# Leica lllc Conversion



## Vivian Bevelle Yancey (Jan 21, 2021)

We bought a box of cameras 20 years ago at an auction.  There is one that is beautiful and we put it away (from the kids) but it has been sitting in a drawer for 20 years.  We also have a Cannon from the 60's that was my fathers and he bought it overseas when he was in the Air Force.  What should I do with them?  And I apologize it this is the wrong place to ask.


----------



## John Fantastic (Jan 22, 2021)

Hello Vivian, Good morning. Pictures will help. Ebay is a good marketplace to determine the price of your camera. Look at successful transactions not the asking price of the seller.


----------



## Vivian Bevelle Yancey (Jan 22, 2021)

post: 4074059, member: 247461"]Hello Vivian, Good morning. Pictures will help. Ebay is a good marketplace to determine the price of your camera. Look at successful transactions not the asking price of the seller. [/QUOTE]
View attachment 202695


----------



## webestang64 (Jan 22, 2021)

I'd say from looking at "sold" IIIc's on the bay that yours might be worth $150-300.  Just a guess anyway.


----------



## Vivian Bevelle Yancey (Jan 22, 2021)

webestang64 said:


> I'd say from looking at "sold" IIIc's on the bay that yours might be worth $150-300.  Just a guess anyway.

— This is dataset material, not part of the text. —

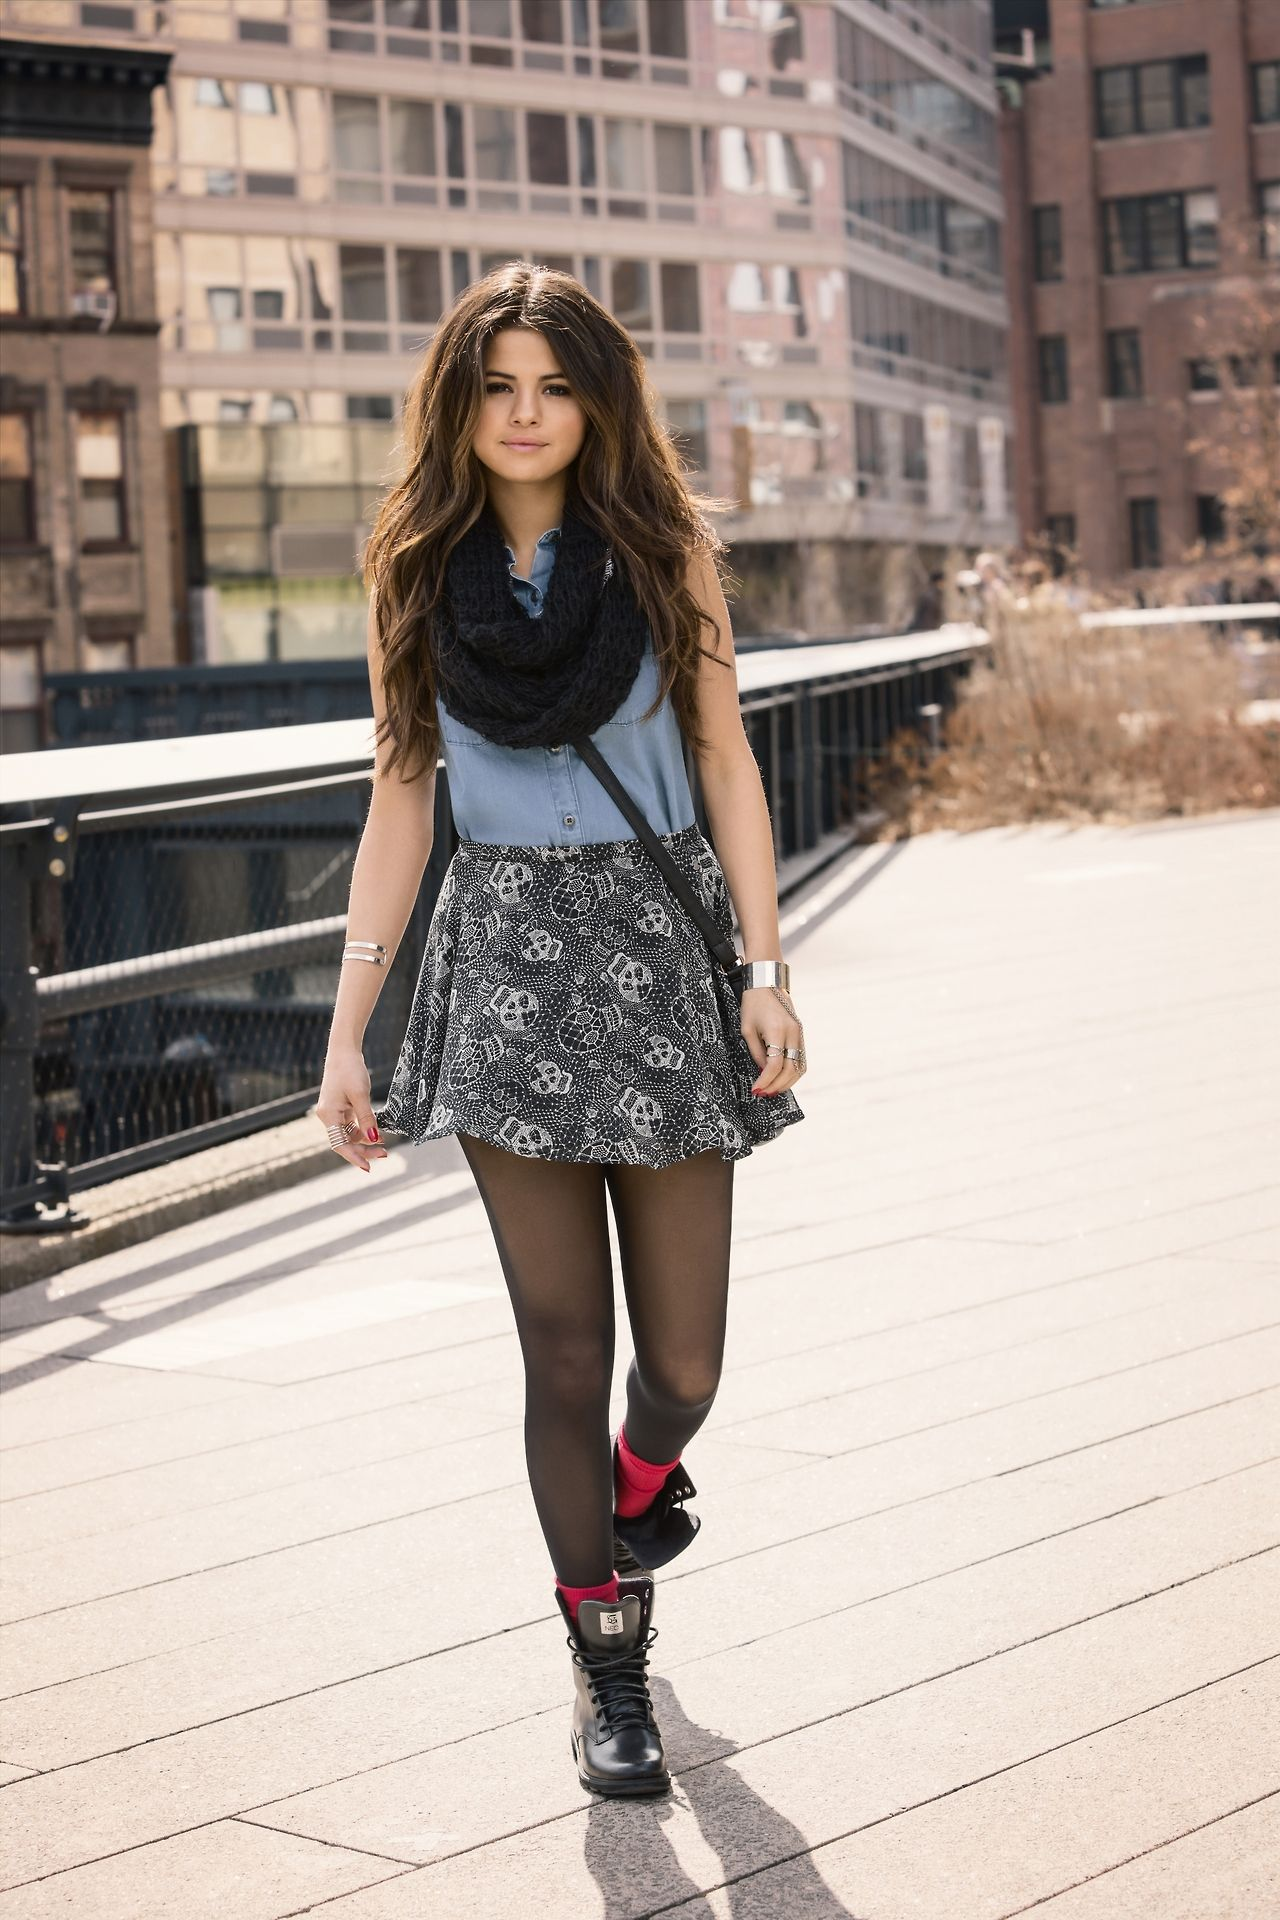 Selena Gomez Photoshoot Tumblr 2014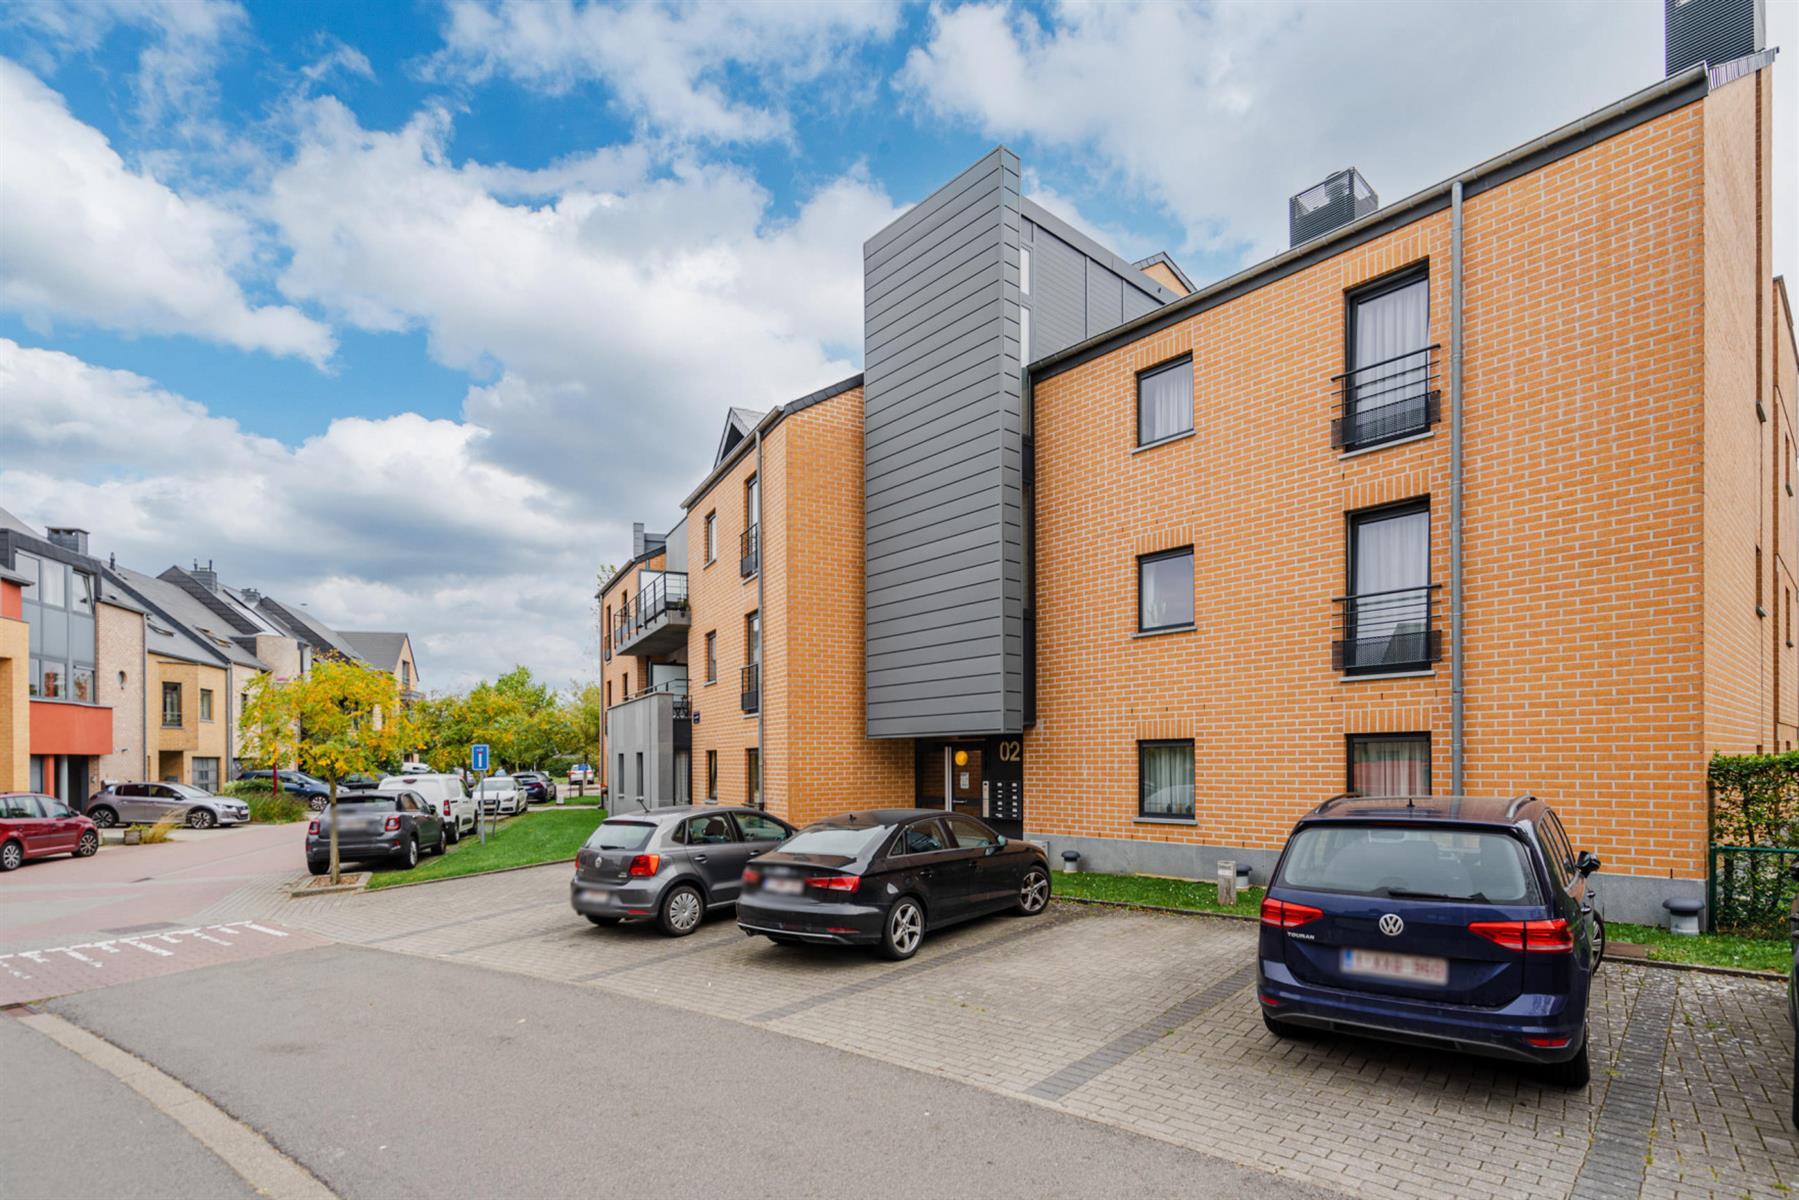 Appartement - Ottignies-louvain-la-neuve - #4505964-27

Thank you for taking a look!


----------



## Mitica100 (Jan 23, 2021)

Hi Vivian,

Your Leica’s value is determined mostly by how bad the buyer wants to buy it. LOL

As I can see from the pictures, the chrome is peeling off on the bottom plate, being corroded in time. I’ve seen many like yours going from $150 to $450 depending on the rarity. The IIIc was a cheaper produced camera due to the war efforts but there are rare models out there that command more $$.

I suggest checking the collectiblend.com and eBay.

Good luck.


----------